CONCLUSIONS: The nonadherence rate in pediatric liver transplantation is high. Therefore, intervention on the basis of risk factors, such as mental health and family function, may be necessary. Moreover, a standard technique for assessing nonadherence to the medical regimen after pediatric liver transplantation, comprising as many dimensions as possible, is required in order to be more objective and comprehensive when assessing nonadherence.

Introduction

Pediatric liver transplantation is a crucial dimension of clinical liver transplantation. After nearly half a century of development since the first pediatric liver transplantation in 1963,1 the survival rate has greatly improved. Approximately 30 years ago, pediatric liver transplantation became the standard treatment for infants, children and adolescents suffering from life-threatening, end-stage liver diseases.2 Currently, it is one of the most successful solid-organ transplantations with a 5-year survival rate of >70% globally. In developed countries, such as the United States and Japan, the proportion of pediatric liver transplantation is >10% of the total liver transplantation cases, and the 5-year survival rate is approximately 80%, with the living-donor survival rate being even higher.2,3 In China, from 1996 to end of 2013, the liver transplantation for children under the age of 18 years registered in the Chinese Liver Transplant Registry (CLTR) is 935 cases, accounting for 3.6% of the total liver transplants in mainland China. Clinical guidelines for pediatric liver transplantation in China (2015)4 also gives detailed clinical guidelines for the diagnosis and treatment for different age-groups, different degree of disease and aspects, etc. Adherence to the medical regimen after liver transplantation is considered critical for avoiding late organ-rejection episodes, graft loss and death, and for decreasing medical costs.5 The nonadherence rate to the medical regimen after single-center pediatric liver transplantation is as high as 50%–70%.6 Alternatively, research on risk factors associated with such nonadherence after pediatric liver transplantation is limited.

In this study, we performed a meta-analysis on the nonadherence to the medical regimen after pediatric liver transplantation to retrieve original articles published in any language. The nonadherence rate in four areas of the medical regimen was assessed. Moreover, findings of original articles regarding risk factors associated with nonadherence to the medical regimen after pediatric liver transplantation were investigated.

Materials and methods

This meta-analysis was conducted and reported in accordance with the Preferred Reporting Items for Systematic Reviews and Meta-Analyses guidelines.7

Original article search

The electronic Excerpta Medica database (EMBASE) Ovid Technologies, PubMed and WanFang Data were searched using the keywords “adherence”, “liver transplant” and “paediatric”. Moreover, relevant references cited in related studies were used to obtain original articles. Two of the authors separately performed original article search; a third-party expert was consulted in case of disagreement. An attempt was made to retrieve as many original articles as possible, with no limit on the publication language.

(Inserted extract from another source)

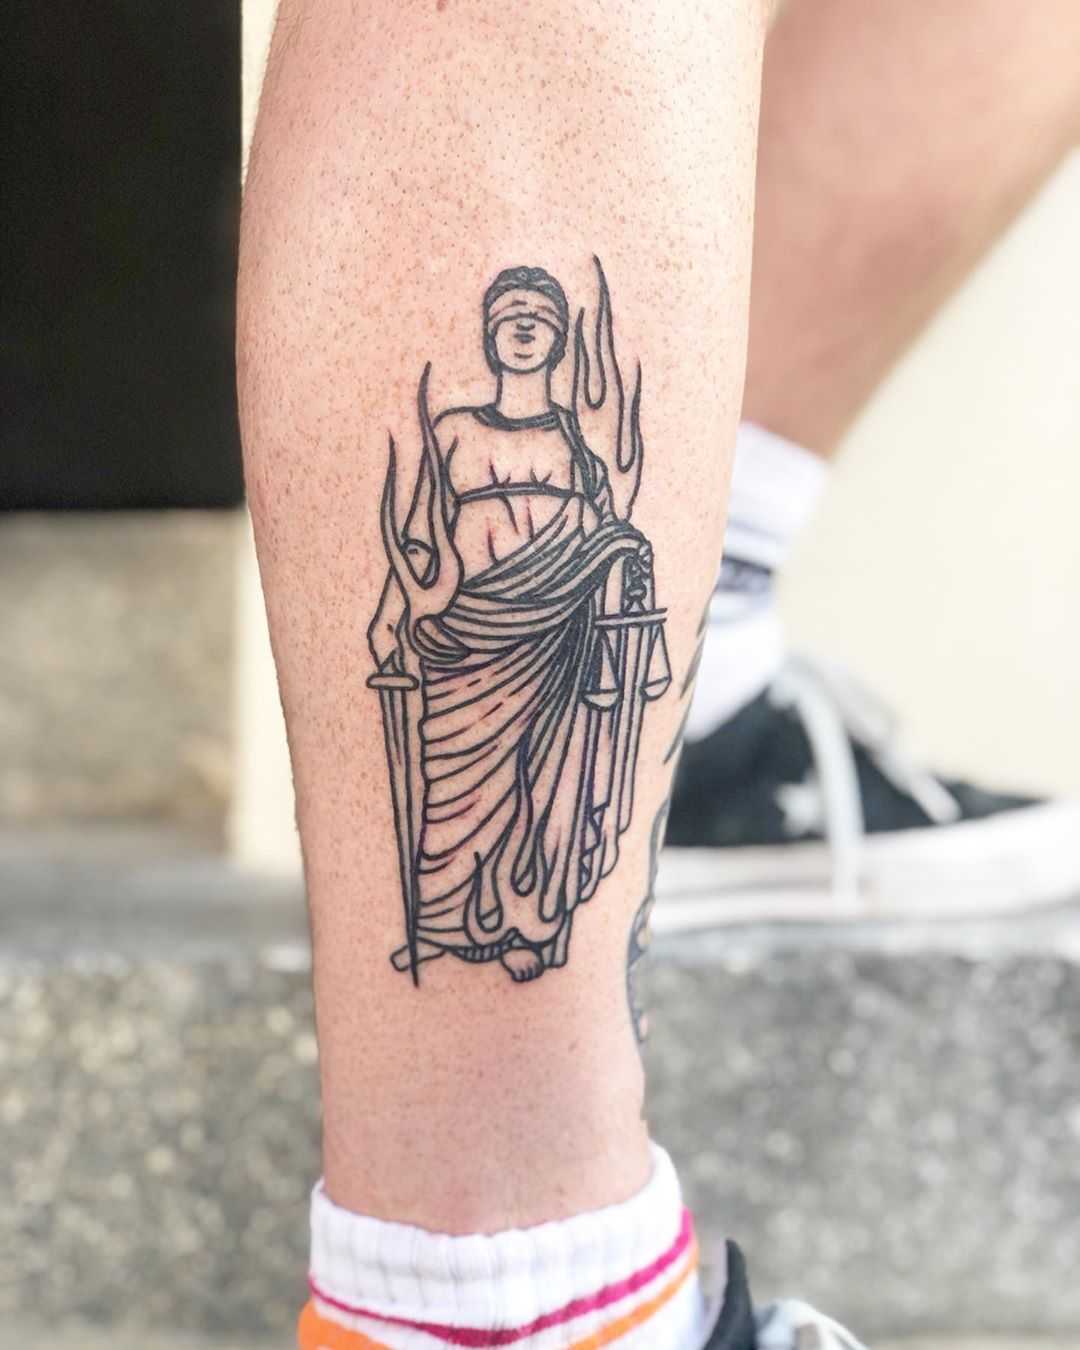 Justice is blind by Hand Job Tattoo

Inclusion and exclusion criteria

Inclusion criteria including: 1) pediatrics liver transplant relevant researchers or patient with age 1–17 years old;8 2) original articles included datum of nonadherence rate; 3) articles provided risk factors of nonadherence of liver post-transplantation.

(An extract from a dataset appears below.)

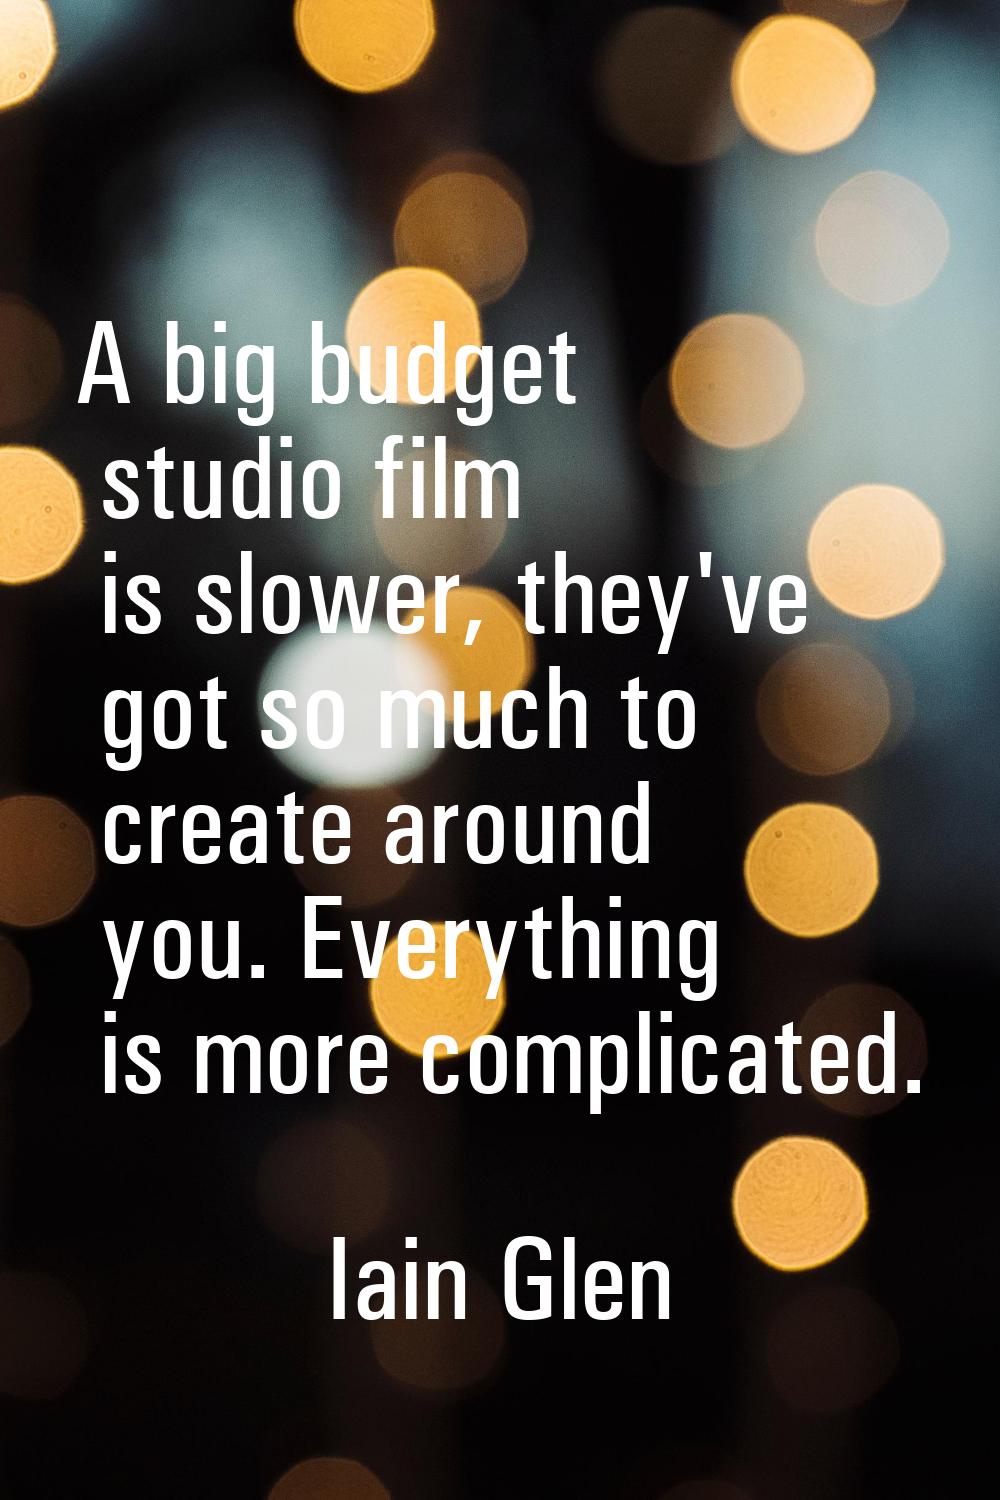 A big budget studio film is slower, they've got so much to create around you. Everything is more co

Exclusion criteria were: 1) patients not children or adolescent; 2) duplicated reports or research or cohort with the same patients; 3) reviews or systematic reviews; 4) case report.

Nonadherence outcomes

We examined three aspects of nonadherence outcomes: 1) immunosuppression medication nonadherence; 2) nonadherence to clinical attendance (patients do not follow doctor’s orders to regular clinic appointment and test, reflected from clinical record); 3) “global” nonadherence outcome (original author did not provide a specific nonadherence assessment aspect like immunosuppression or clinical attendance but could reflect nonadherence in multiple, global areas).

Adverse outcomes

Main adverse outcomes were: 1) rejection; 2) re-transplantation; 3) death.

Information extraction

We extracted the information of first author, publish year, country, sample age, assessment of nonadherence, sample size, no of nonadherence, duration of observation and study design. If the age-group reported in the original literature was children or adolescents, then we recorded the age-group as the information provided in the original literature. If the original literature did not provide the aforementioned information, we recorded pediatric patients aged 12–17 as adolescent, others as children.8,9

From each original article, information regarding the association of each medical regimen nonadherence outcome with a series of potential risk factors was assessed. The maximum possible number of risk factors hypothesized in the original articles was assessed; these risk factors included i) sociodemographic factors (gender, race/ethnicity, age, family income, parents education status and health insurance) and ii) social psychological factors (single parent or not, mental health of children, family cohesion and social function of children). However, since only a small number of studies examined most of these variables, we could not include these variables in our quantitative analysis.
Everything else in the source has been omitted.